Thursday, Feb 09, 2023

US wants to see a weakened Russia

US Defence Secretary Lloyd Austin has said he hopes Russian losses in Ukraine will deter its leadership from repeating its actions.
He added that Ukraine can still win the war if given the right support and praised the efforts of its military.

"We want to see Russia weakened to the degree that it can't do the kinds of things that it has done in invading Ukraine," the US military chief said.

Mr Austin was speaking after meeting President Volodymyr Zelensky in Kyiv.

Accompanied by US Secretary of State Antony Blinken, the visit marked the highest level trip to Ukraine by US officials since the invasion began over two months ago.

The meeting between the US and Ukrainian parties, which ran for over three hours, comes as Russia escalates its military campaign in the south and east of the country.

Mr Austin's comments calling for a weakened Russia were unusually strong for a US defence secretary. It is one thing to help Ukraine resist Russian aggression, it is quite another to speak of weakening Russia's capabilities.

At a news conference in Poland after the visit, the US defence secretary told reporters that US officials still believe Ukraine can win the conflict "if they have the right equipment" and the "right support".

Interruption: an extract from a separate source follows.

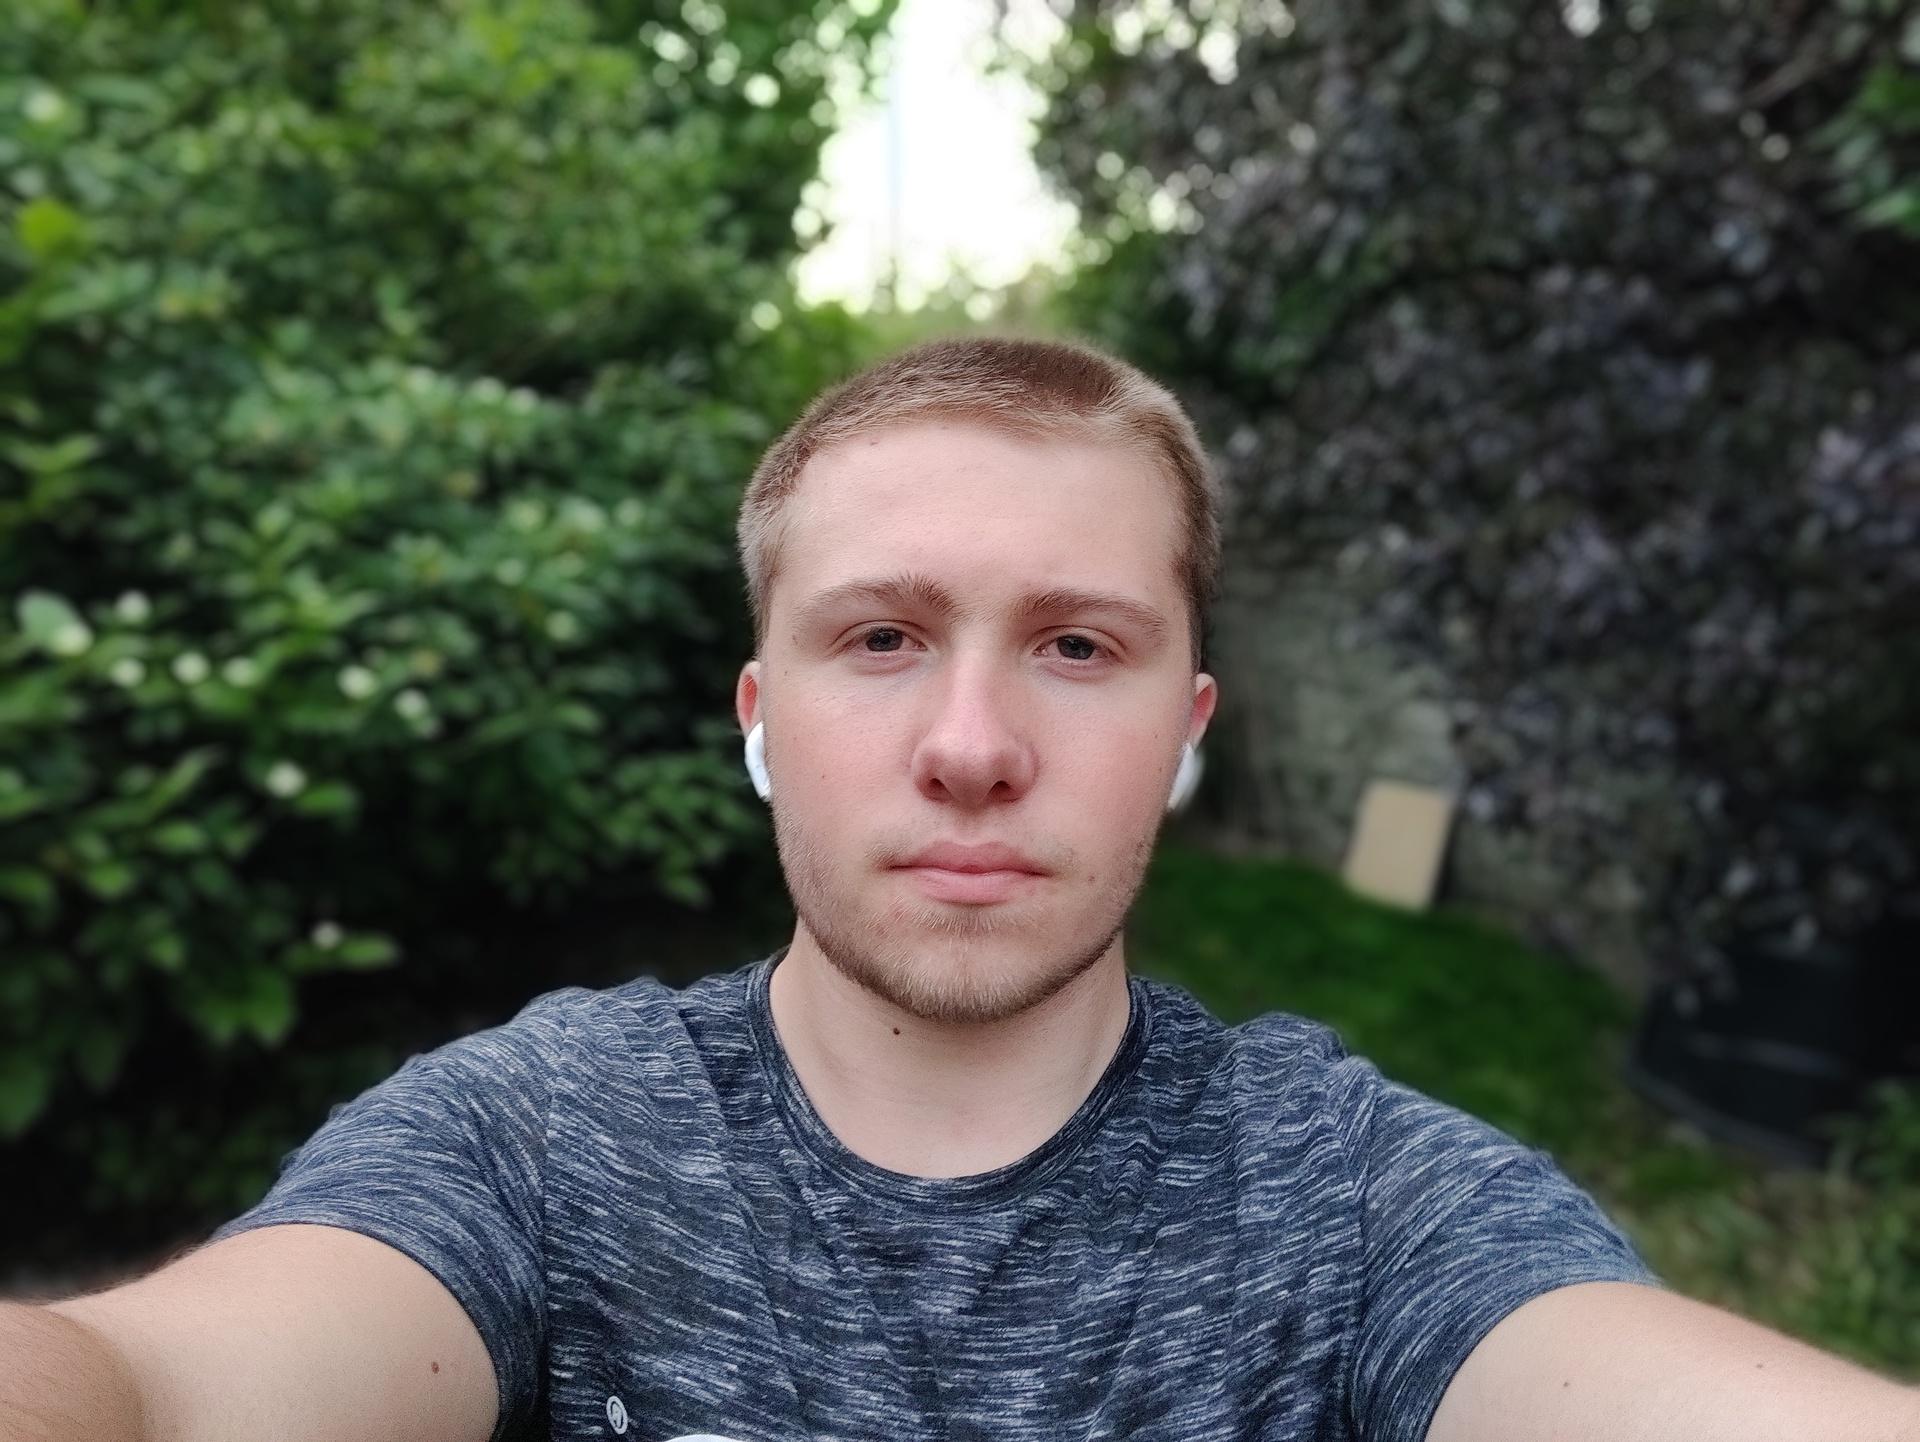 OnePlus Nord test image portrait mode selfie in garden

The 68-year-old announced that the US will allocate an additional $713m (£559m) of military aid to the Ukrainian government and 15 other allied European governments fearful of Russian aggression.

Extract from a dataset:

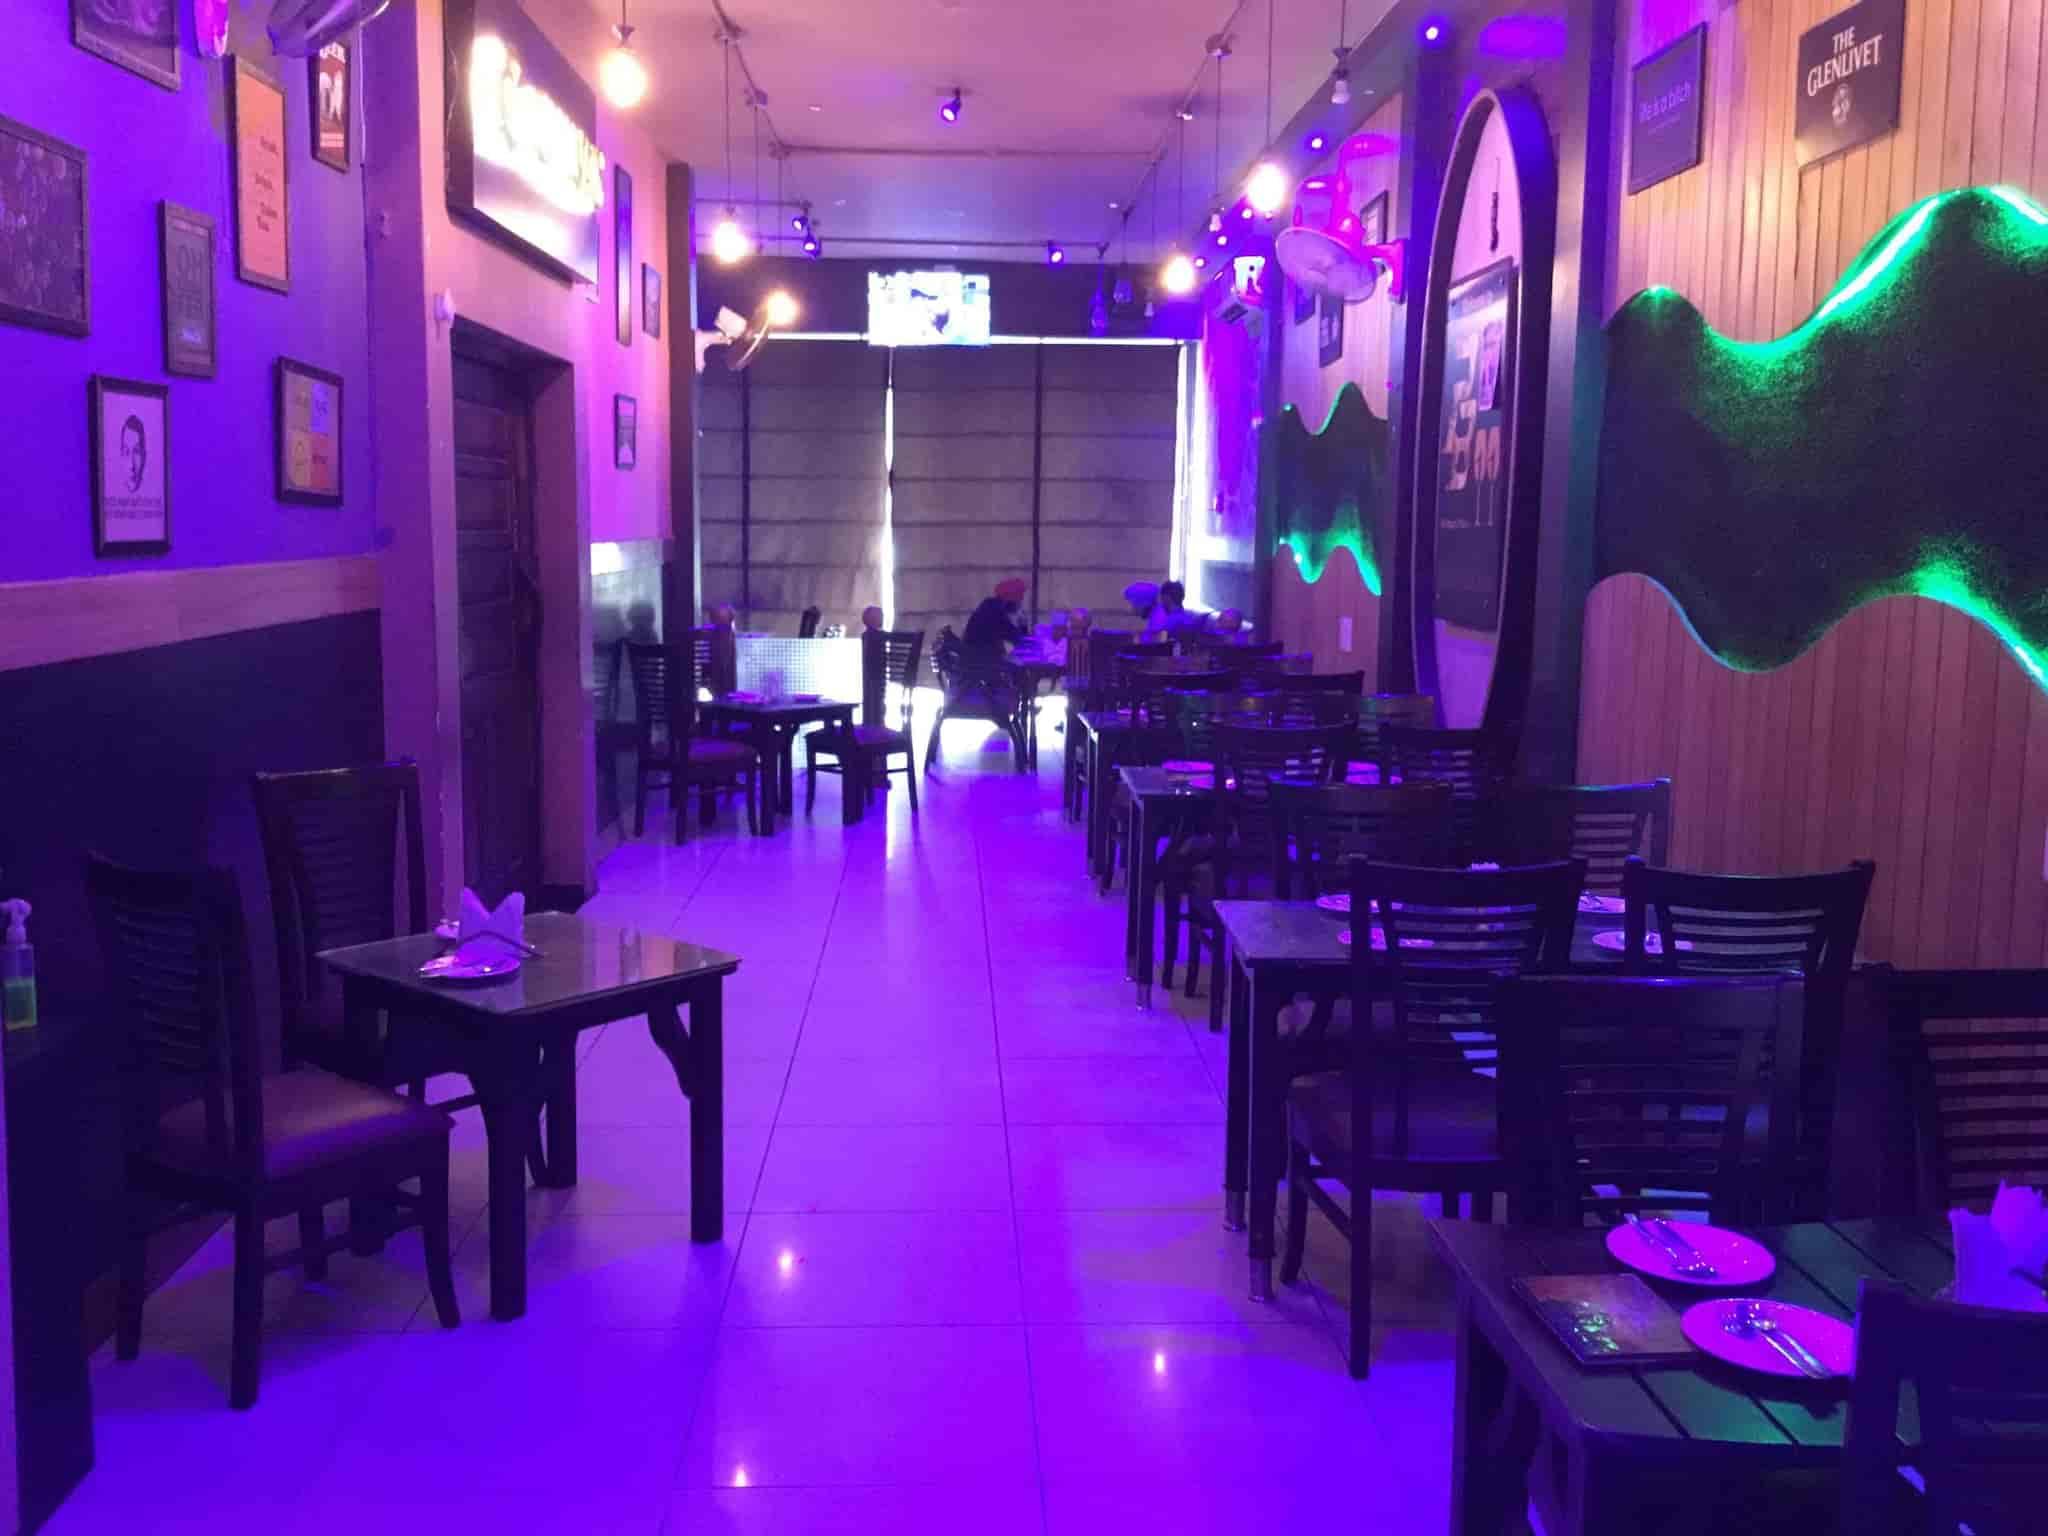 Pb 11 Bar & Lounge, Patiala - Lounge Bars - Justdial

It brings the total US security assistance provided to Ukraine since the invasion began to more than $3.7bn (£2.9bn).

Mr Zelensky has been pleading with Western leaders to increase the flow of military equipment for weeks, vowing that his forces overcome Russia's military if provided with fighter jets and other vehicles.

Last week the US confirmed that it has supplied Ukrainian troops with howitzer artillery cannons and anti-artillery radars for the first time.

Russia's ambassador in Washington said Moscow had sent a diplomatic note demanding an end to the US supply of weapons to Ukraine.

Meanwhile, Mr Blinken announced that some US diplomatic staff will start to return to Ukraine from next week. They are expected to be based in Lviv in western Ukraine initially, with a longer term plan to re-open the US embassy in the capital, Kyiv.

It comes as the White House announced that President Joe Biden intends to nominate Bridget Brink, a career diplomat, as US ambassador to Ukraine - a post that has remained vacant for more than two years.

Mr Blinken also defended America's diplomatic approach, telling reporters that it has put pressure on President Vladimir Putin's regime.

"The strategy that we've put in place, massive support for Ukraine, massive pressure against Russia, solidarity with more than 30 countries engaged in these efforts, is having real results," Mr Blinken said. "And we're seeing that when it comes to Russia's war aims, Russia is failing, Ukraine is succeeding."

"A sovereign, independent Ukraine will be around a lot longer than Vladimir Putin's on the scene," Me Blinken added.

Speaking following the meeting, Mr Zelensky said his government appreciated "the unprecedented assistance" from the US and added that he "would like to thank President Biden personally and on behalf of the entire Ukrainian people for his leadership in supporting Ukraine".

In recent days Russia has refocussed its advance on Ukraine's eastern Donbas region and US sources believe that Moscow has committed over 76 battalion tactical groups inside Ukraine.

On Monday, the UK's ministry of defence said in an update that Moscow has made minor advances in the region but has "yet to achieve a breakthrough" due to logistical issues.

The update claimed that "Ukraine's defence of Mariupol has also exhausted many Russian units and reduced their combat effectiveness".